The Blind Assassin is a Booker Prize-winning novel by the multi-award winning Canadian novelist Margaret Atwood perhaps best known for The Handmaid’s Tale. The book is a hefty thing and having slogged my way through it, I have to say I found it rather long-winded and a little disappointing as it is not in fact really about a blind assassin. Yes I read the back cover blurb and so really should have known better, but there you are. I enjoyed The Handmaid’s Tale and was expecting more sci-fi and intrigue than I got. Spoilers below…
The story, mostly set in the fictional town of Port Ticonderoga in Ontario, revolves around the Chase sisters. The ostensibly sensible Iris and her ditsy younger sibling Laura are born into a rich family who’s business gradually suffers from the well-meaning but ultimately poor leadership of their widower father reacting to the economic and political events of Twentieth century Canada.
It is told from the point of view of an elderly Iris looking back on her life and slowly uncovering the reasons why her sister drove off a bridge on the day the end of WWII was announced. She is writing down her story to leave for her estranged granddaughter to learn the truth about her family history.

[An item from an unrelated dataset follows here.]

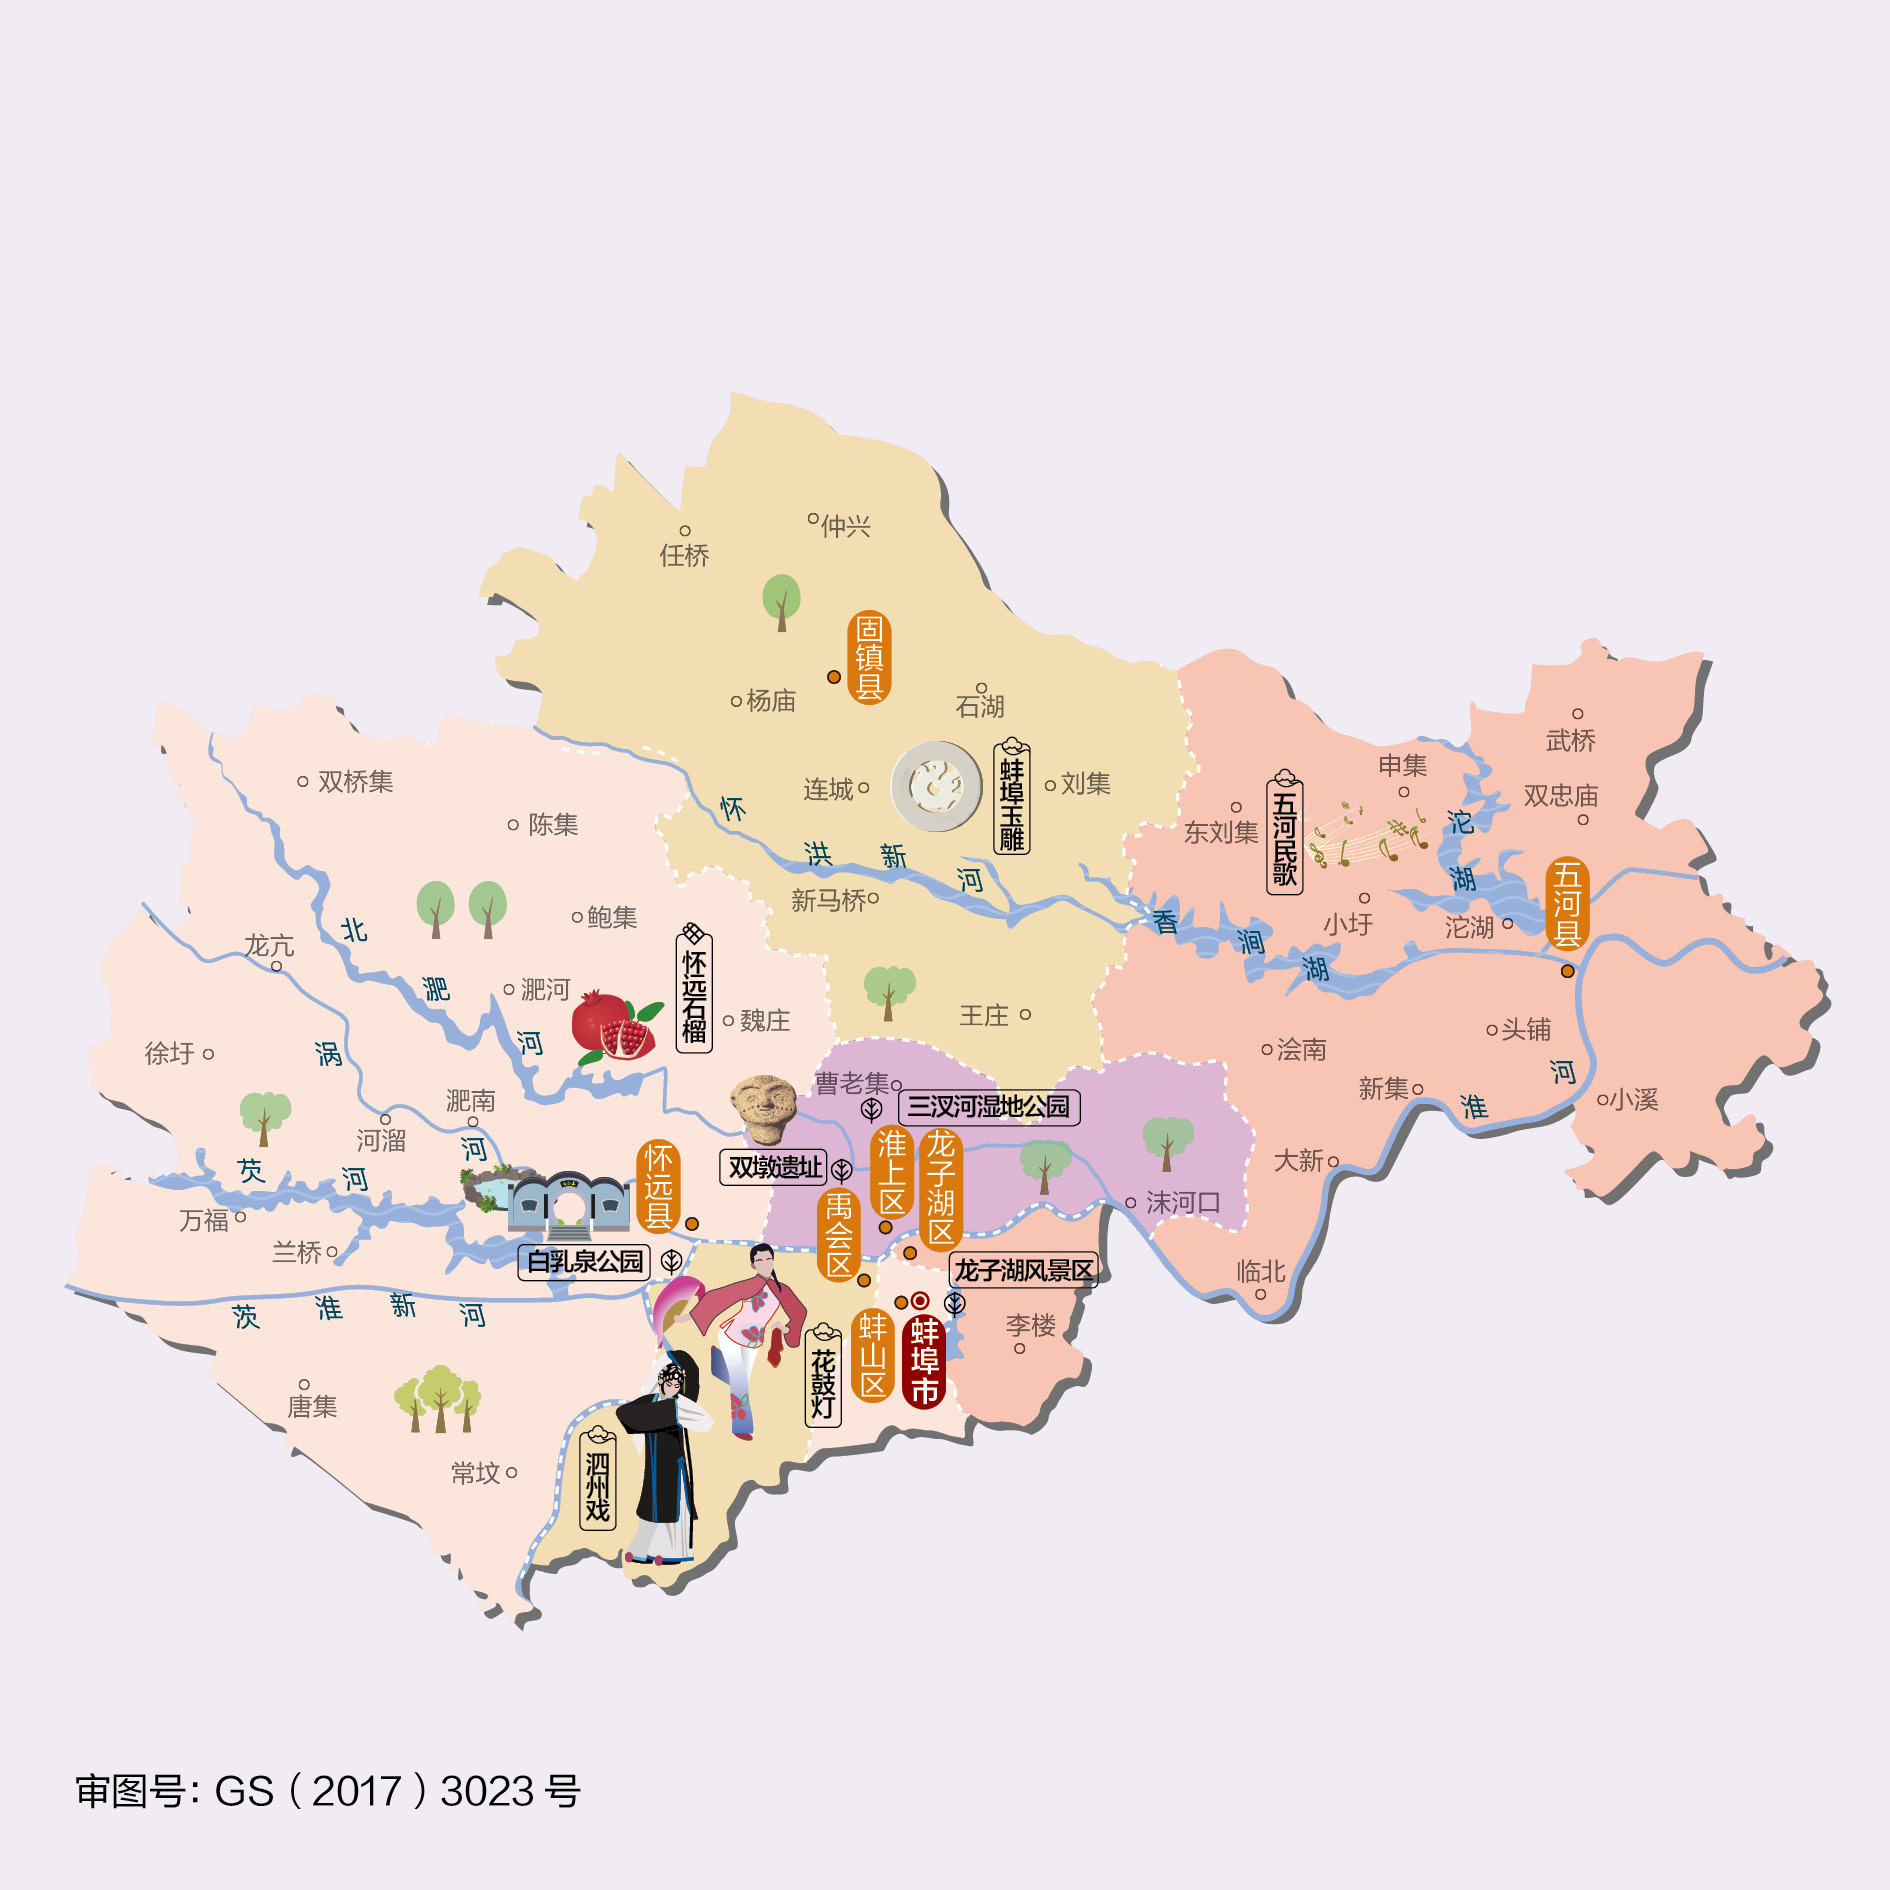 安徽省蚌埠市人文地图

There are two other stories wrapped up inside the book and one is titled The Blind Assassin and recounts the various clandestine meetings of two lovers. One lover is based on Alex Thomas, a politically radical author of pulp science fiction who the sisters befriend, the other appears initially to be based on Laura but it gradually becomes apparent that it’s based on Iris who is having an affair with Alex behind her husband’s back.
Her husband, Richard Griffin, is an obnoxious businessman who bought out her father’s business and it turns out has been secretly abusing her sister for years. It is the story of the lovers that Iris publishes under her dead sister’s name leading to the ill-fated Laura having a post-humous cult following in Canada. Publishing the story feels like an attempt by Iris to snub Richard, his overbearing sister and their new-rich clique, since they tried hard to control Laura’s behaviour for fear it would damage Richard’s political ambitions.
The second story within a story is actually a science fiction (or science fantasy) story dreamt up by the fictional Alex to entertain his lover and delivered episodically at each meeting. It does indeed feature a blind assassin and for me was really the most interesting bit of the book and so of course I would’ve liked to have read more of that and less about the various overheard business conversations, missing correspondence and stories of trade unionists and Communist troublemakers.
In some ways the story of the blind assassin could be interpreted as a metaphor for Alex’s radical political stance but that could be taking the analysis of what is essentially the inclusion of a fun piece of pulp fiction a little too far.
Atwood also uses another trick from the fiction writer’s toolbox of including local newspaper articles reflecting the attitudes and interactions of the various characters from the point of view of a journalist of the time. They help create an atmosphere and show how, when war was about to break out, that the local press seemed more bothered about what fashions the Chase sisters were wearing at particular social gatherings. The articles also provide an interesting juxtaposition between Iris’s very introvert account of her life and how she was presented to the community their father helped to support.
It’s a rather simple love story mixed with a story of what happens when old-rich meets new-rich set against a backdrop of world events. It is mostly certainly not a badly written novel, the passages about Iris’s fight with old age are particularly engaging, but when the complexity of the storytelling is unpicked I find that I’m left wanting a bit more from the book.